Directions: Keep the pictures out. Copy every line of the listing exactly.

Stored data:
• • • •
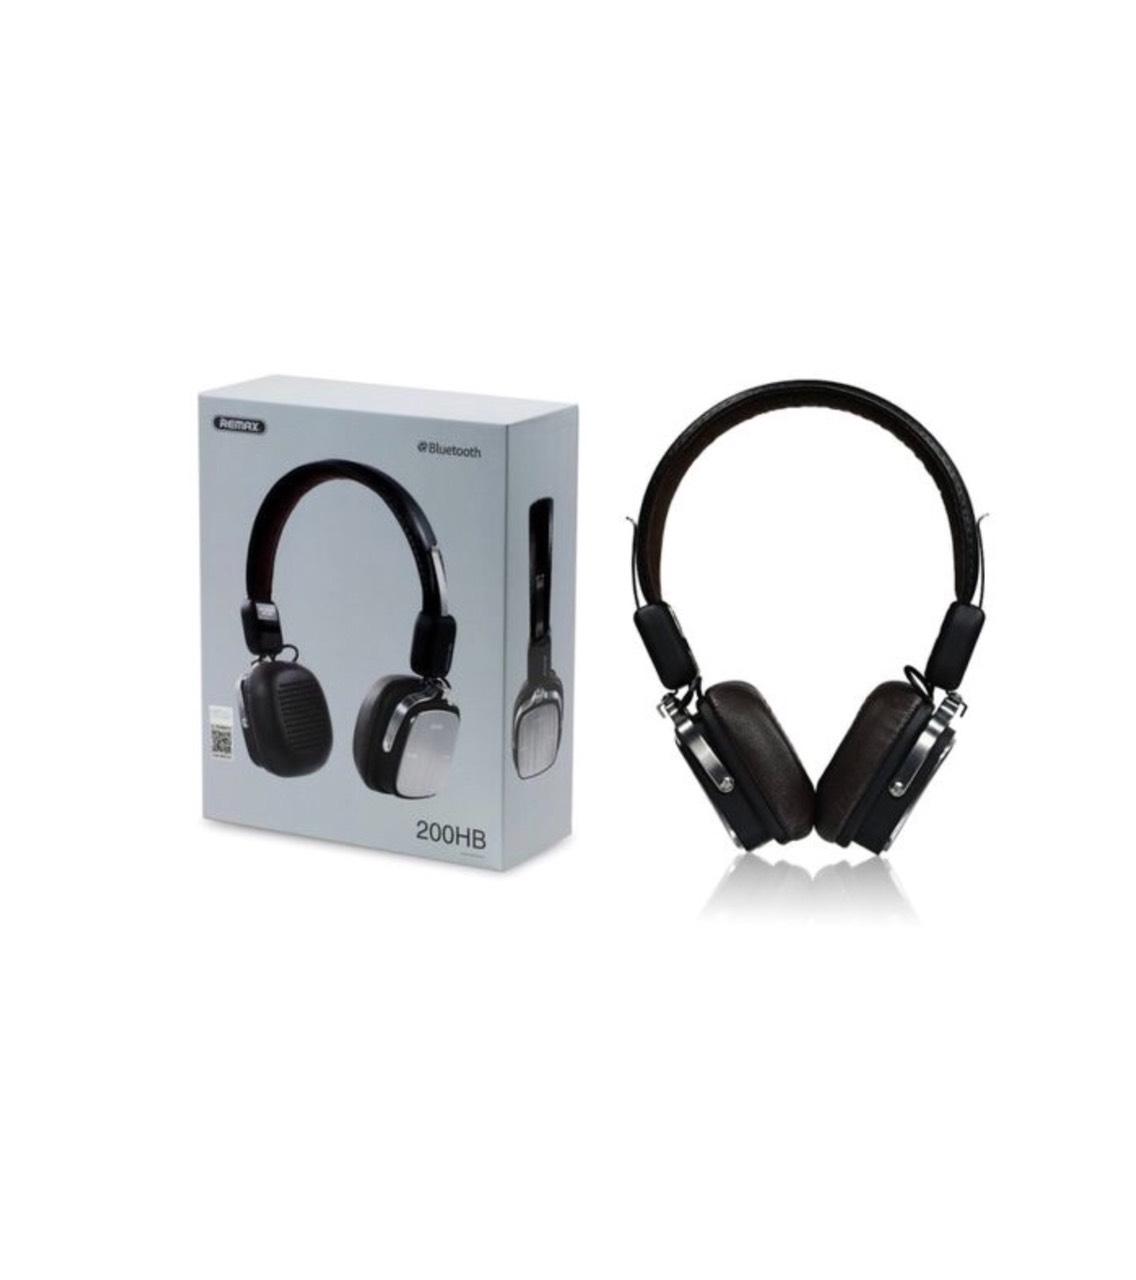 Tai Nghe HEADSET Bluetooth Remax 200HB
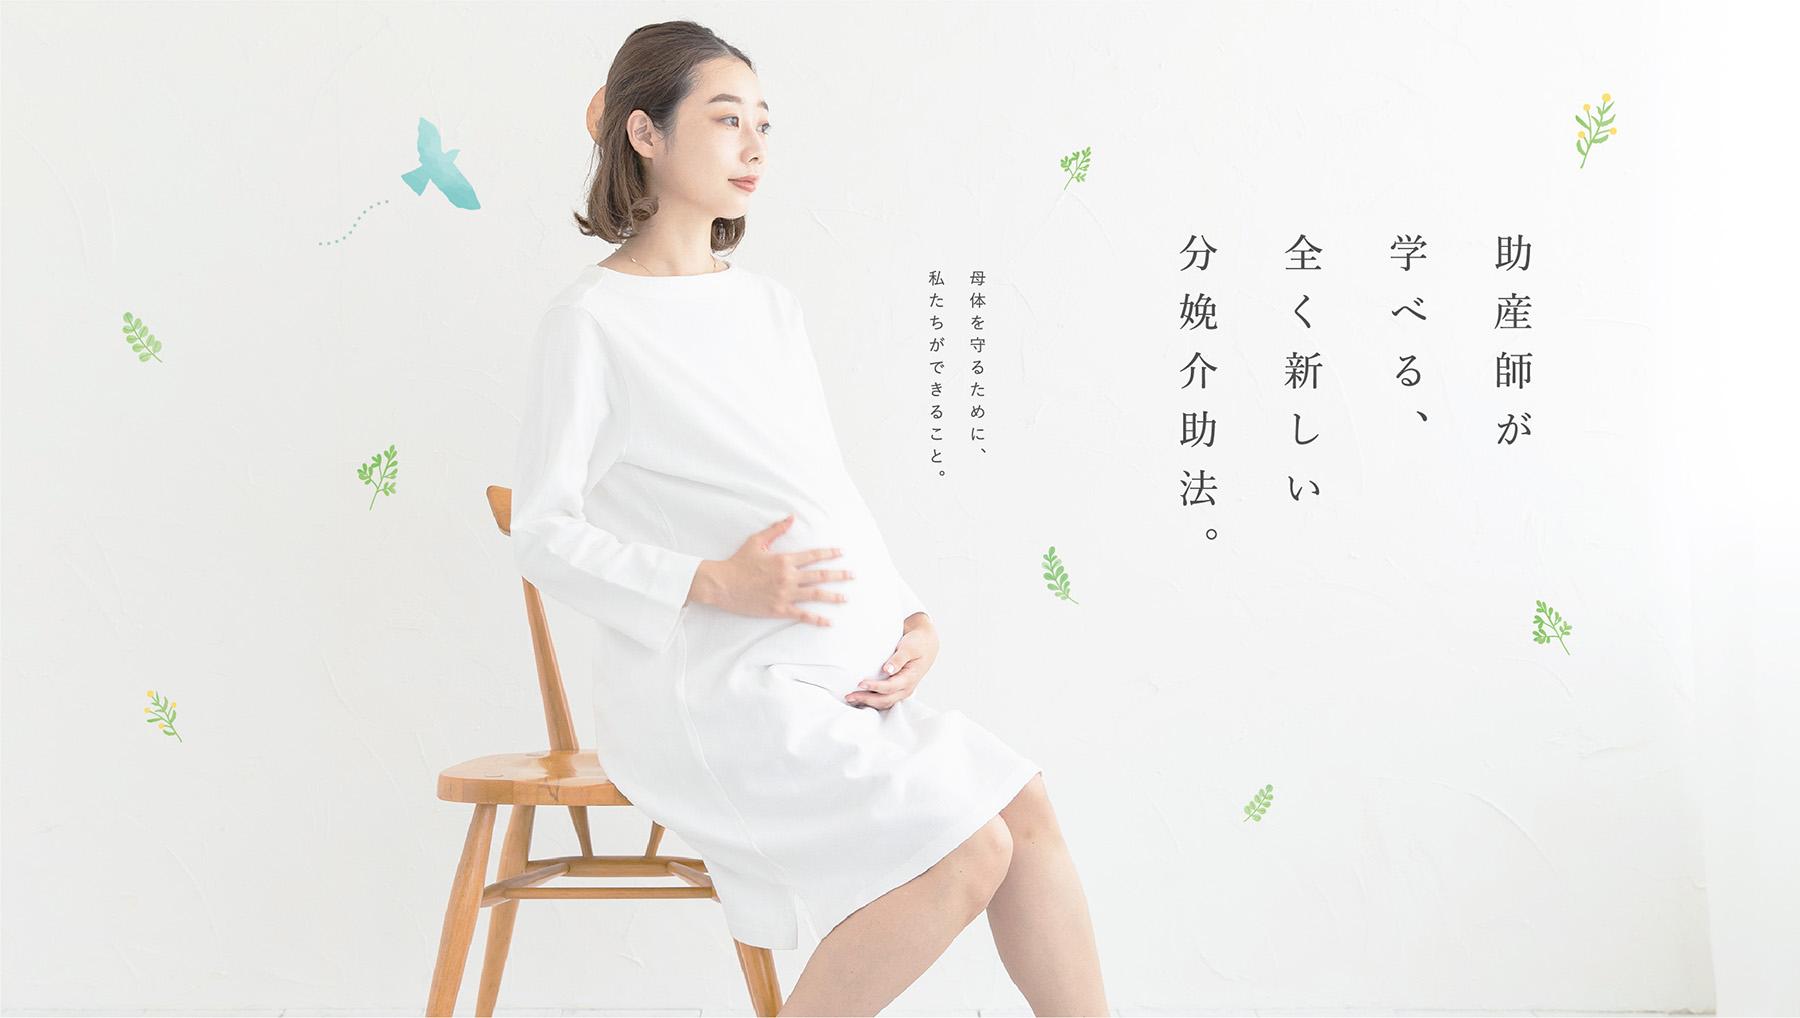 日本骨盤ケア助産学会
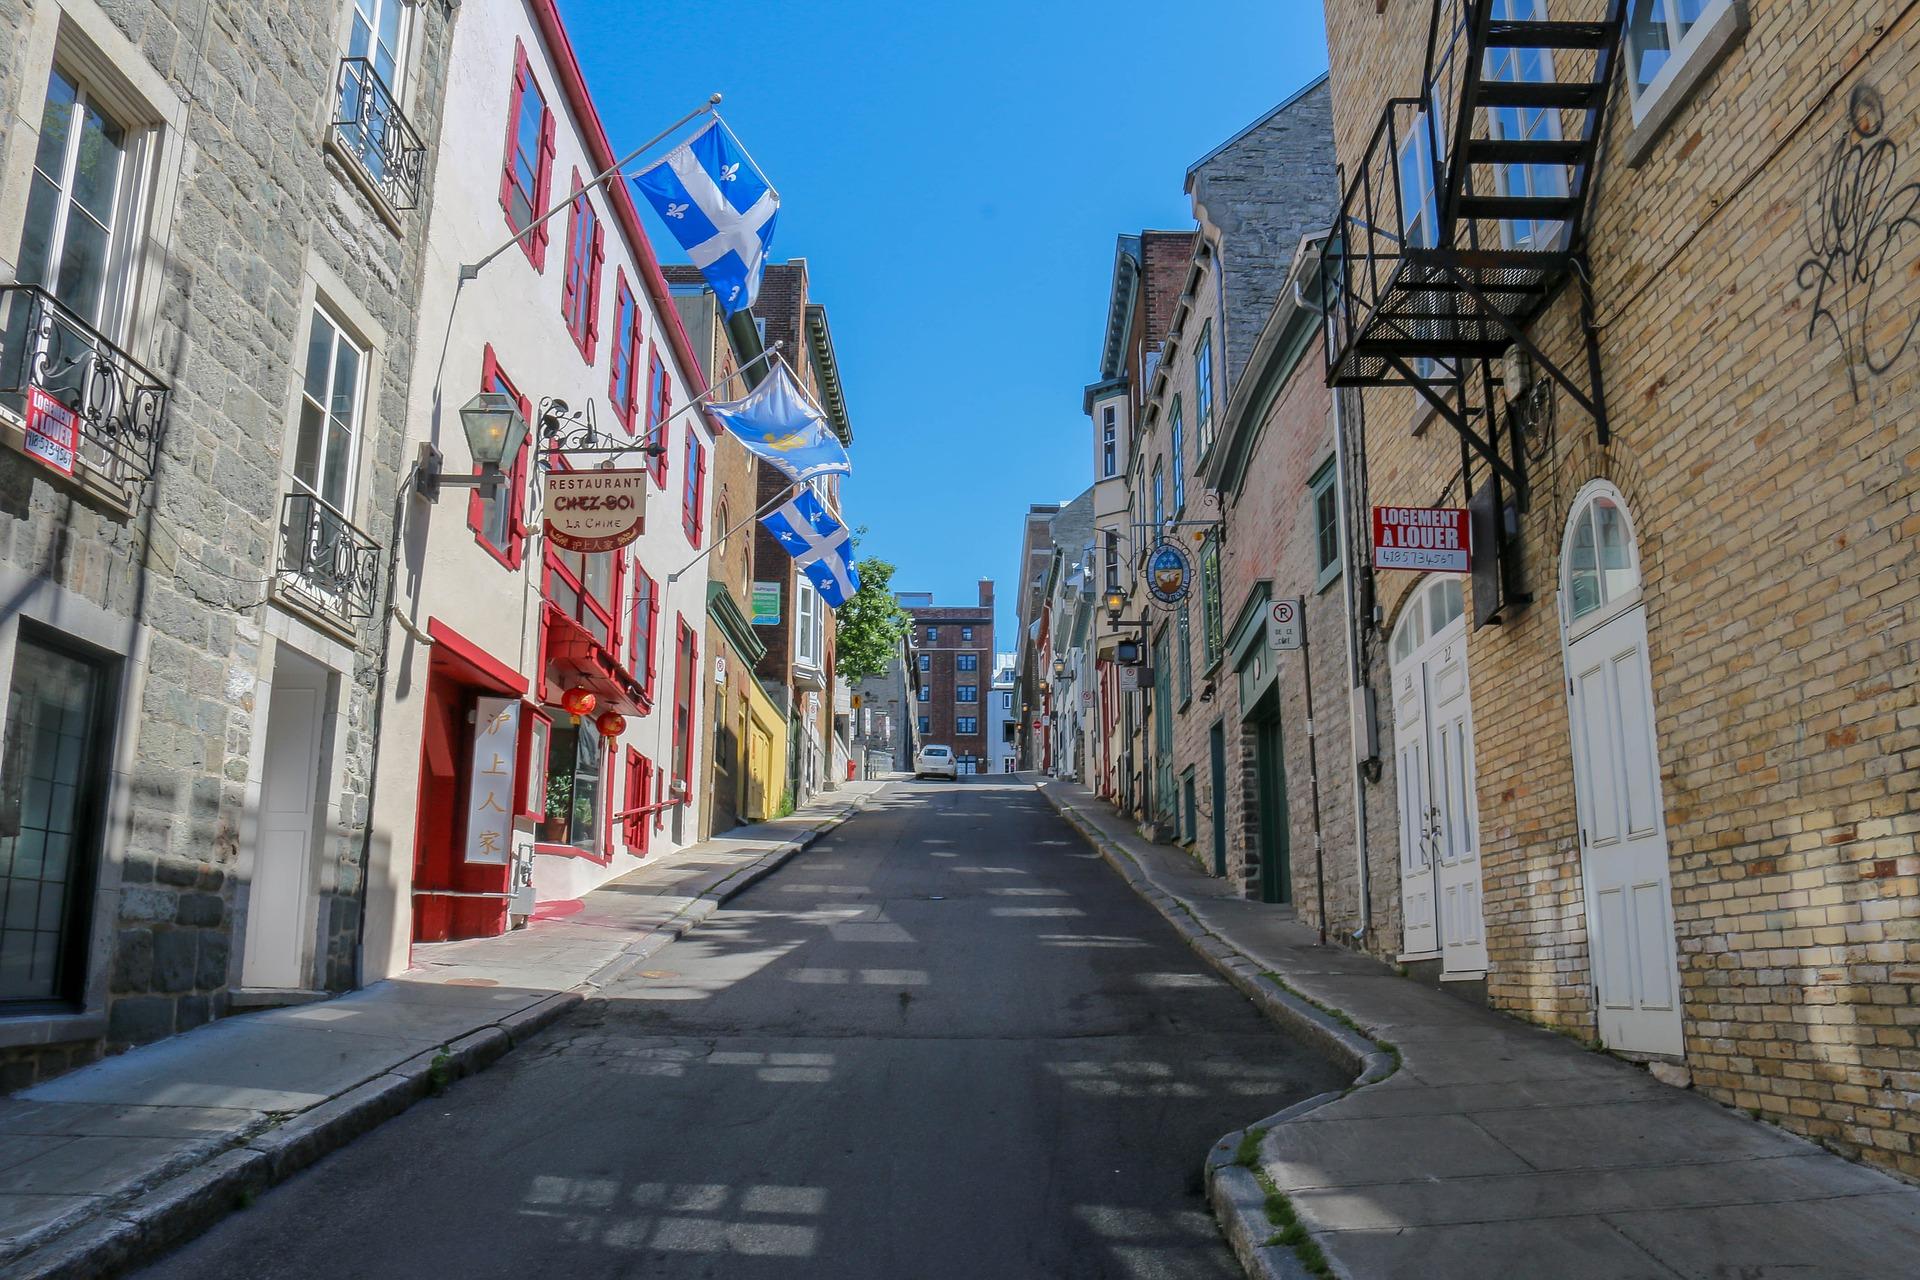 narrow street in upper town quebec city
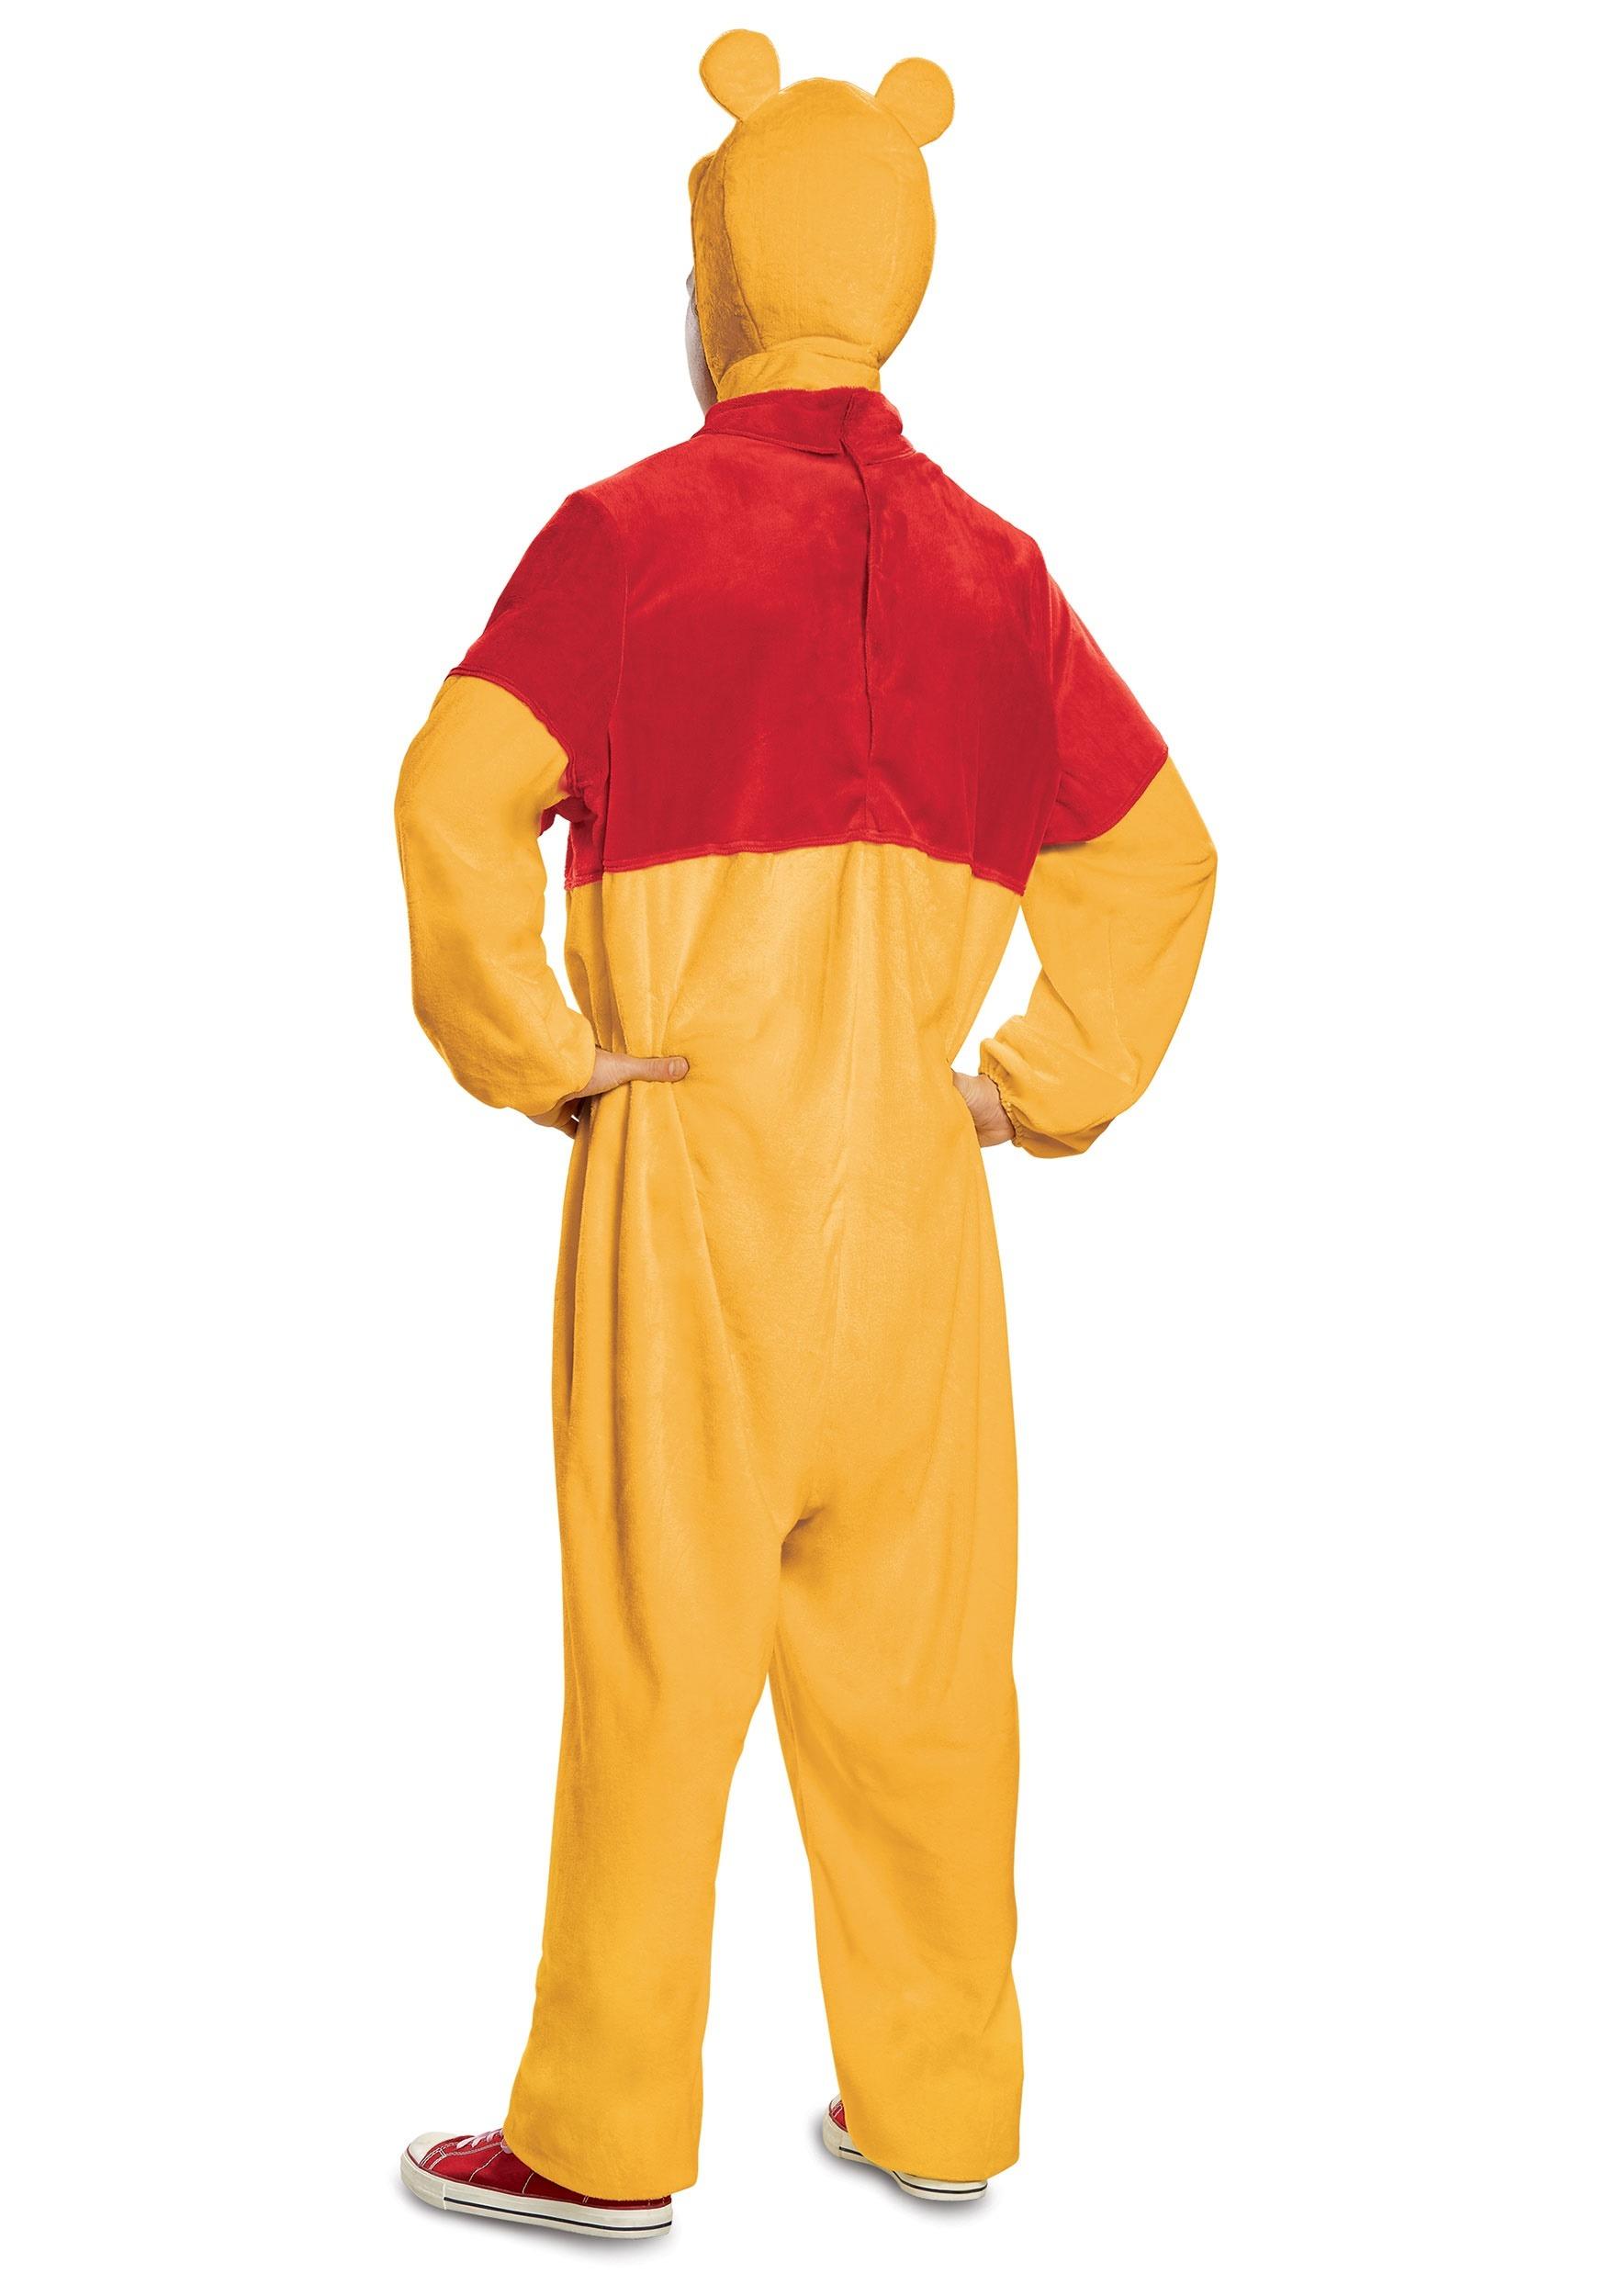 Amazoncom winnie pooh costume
• • • •
Response area:
 Tai Nghe HEADSET Bluetooth Remax 200HB
 日本骨盤ケア助産学会
 narrow street in upper town quebec city
 Amazoncom winnie pooh costume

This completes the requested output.